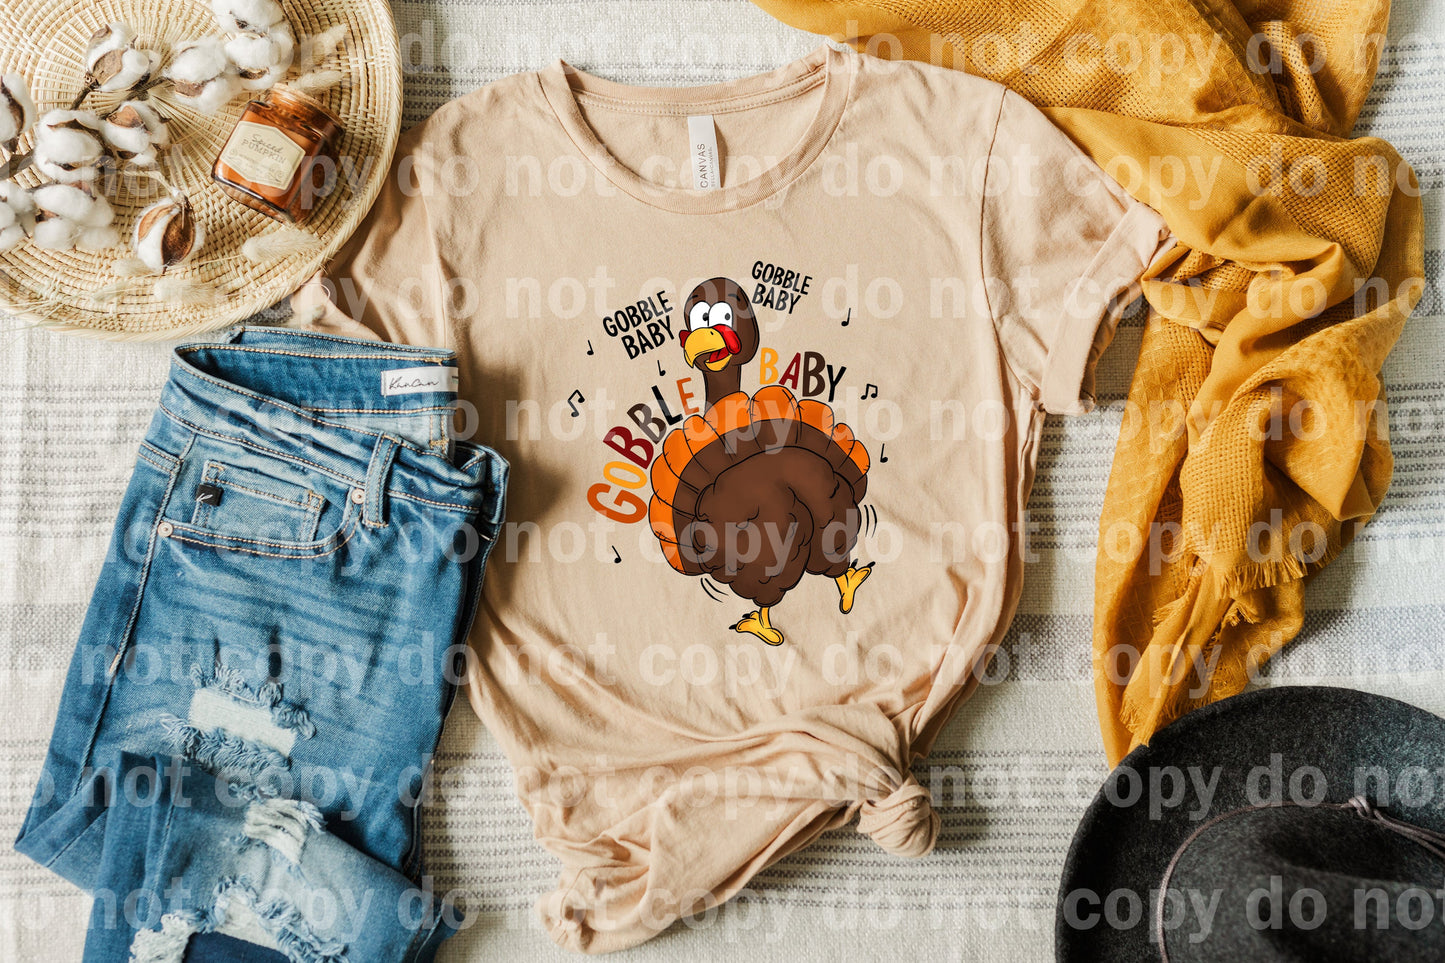 Gobble Baby Dream Print or Sublimation Print
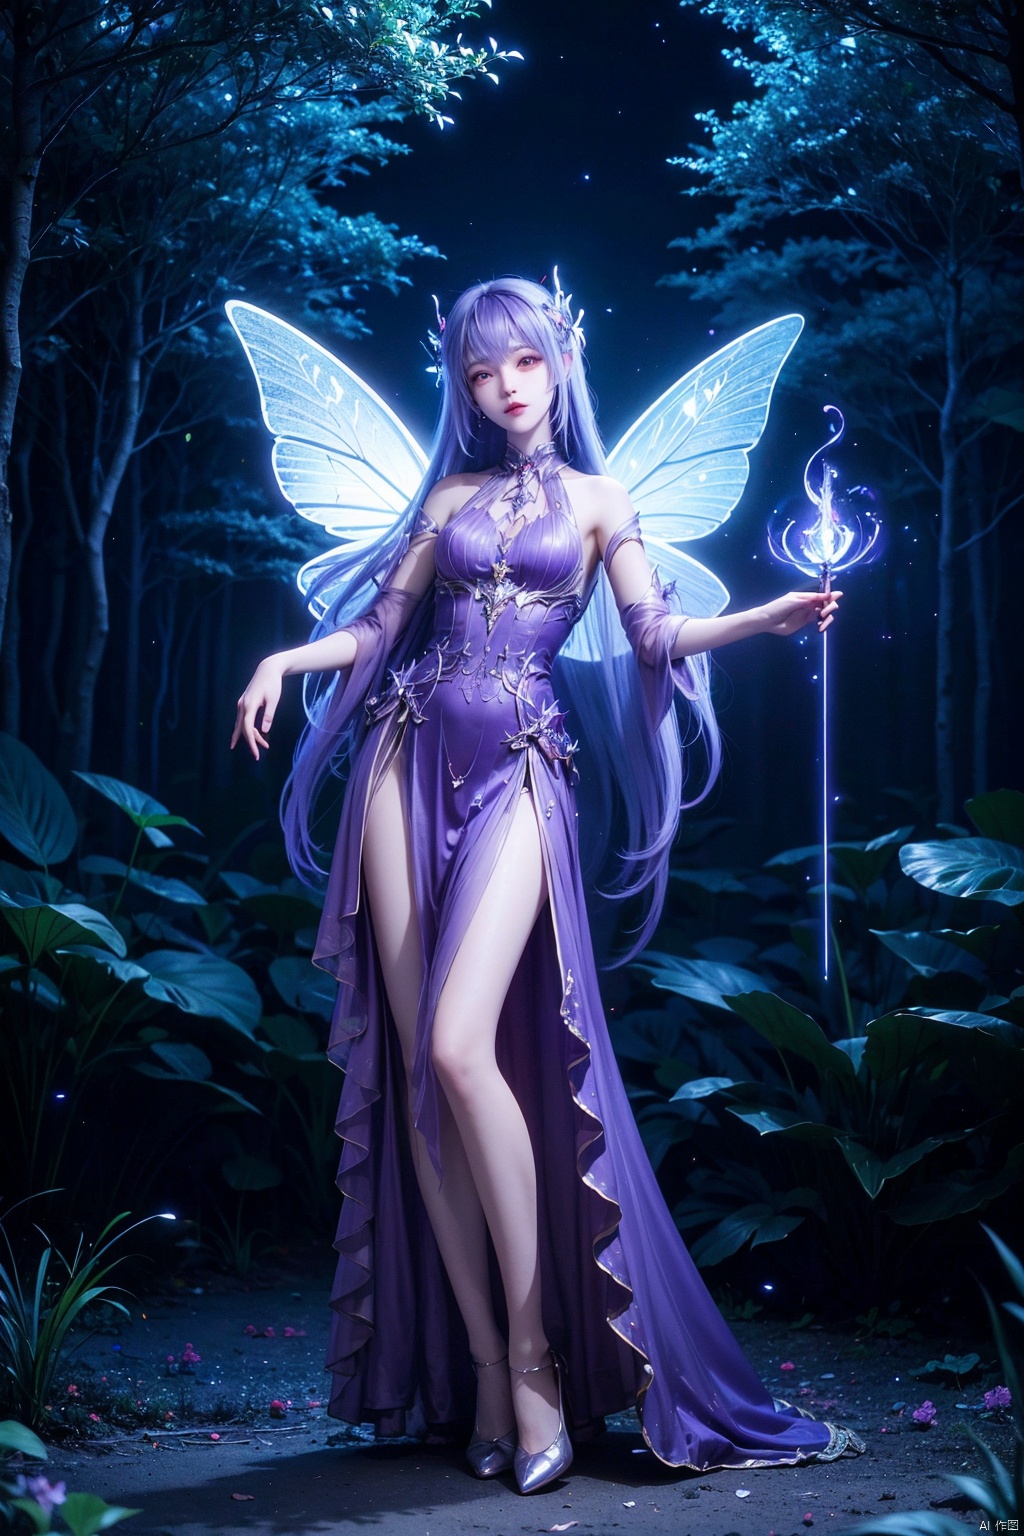  ((4k,masterpiece,best quality)), professional camera, 8k photos, wallpaper 1 girl, solo,purple hair,ethereal fairy, floating on clouds, sparkling gown with iridescent butterfly wings, holding a magic wand, surrounded by dancing fireflies, twilight sky, full moon, mystical forest in the background, glowing mushrooms, enchanted flowers, softly illuminated by bioluminescence, serene expression, delicate features with pointed ears, flowing silver hair adorned with tiny stars, gentle breeze causing her dress and hair to flow ethereally, dreamlike atmosphere, surreal color palette, high dynamic range lighting, intricate details, otherworldly aesthetic.
, hand,Stay away from the camera, take a full body photo,
___
● ACTIVITY
All of the lines above should be retyped precisely, apart from the pictures.

● FINAL ANSWER
 Gobble Baby Dream Print or Sublimation Print
  ((4k,masterpiece,best quality)), professional camera, 8k photos, wallpaper 1 girl, solo,purple hair,ethereal fairy, floating on clouds, sparkling gown with iridescent butterfly wings, holding a magic wand, surrounded by dancing fireflies, twilight sky, full moon, mystical forest in the background, glowing mushrooms, enchanted flowers, softly illuminated by bioluminescence, serene expression, delicate features with pointed ears, flowing silver hair adorned with tiny stars, gentle breeze causing her dress and hair to flow ethereally, dreamlike atmosphere, surreal color palette, high dynamic range lighting, intricate details, otherworldly aesthetic.
, hand,Stay away from the camera, take a full body photo,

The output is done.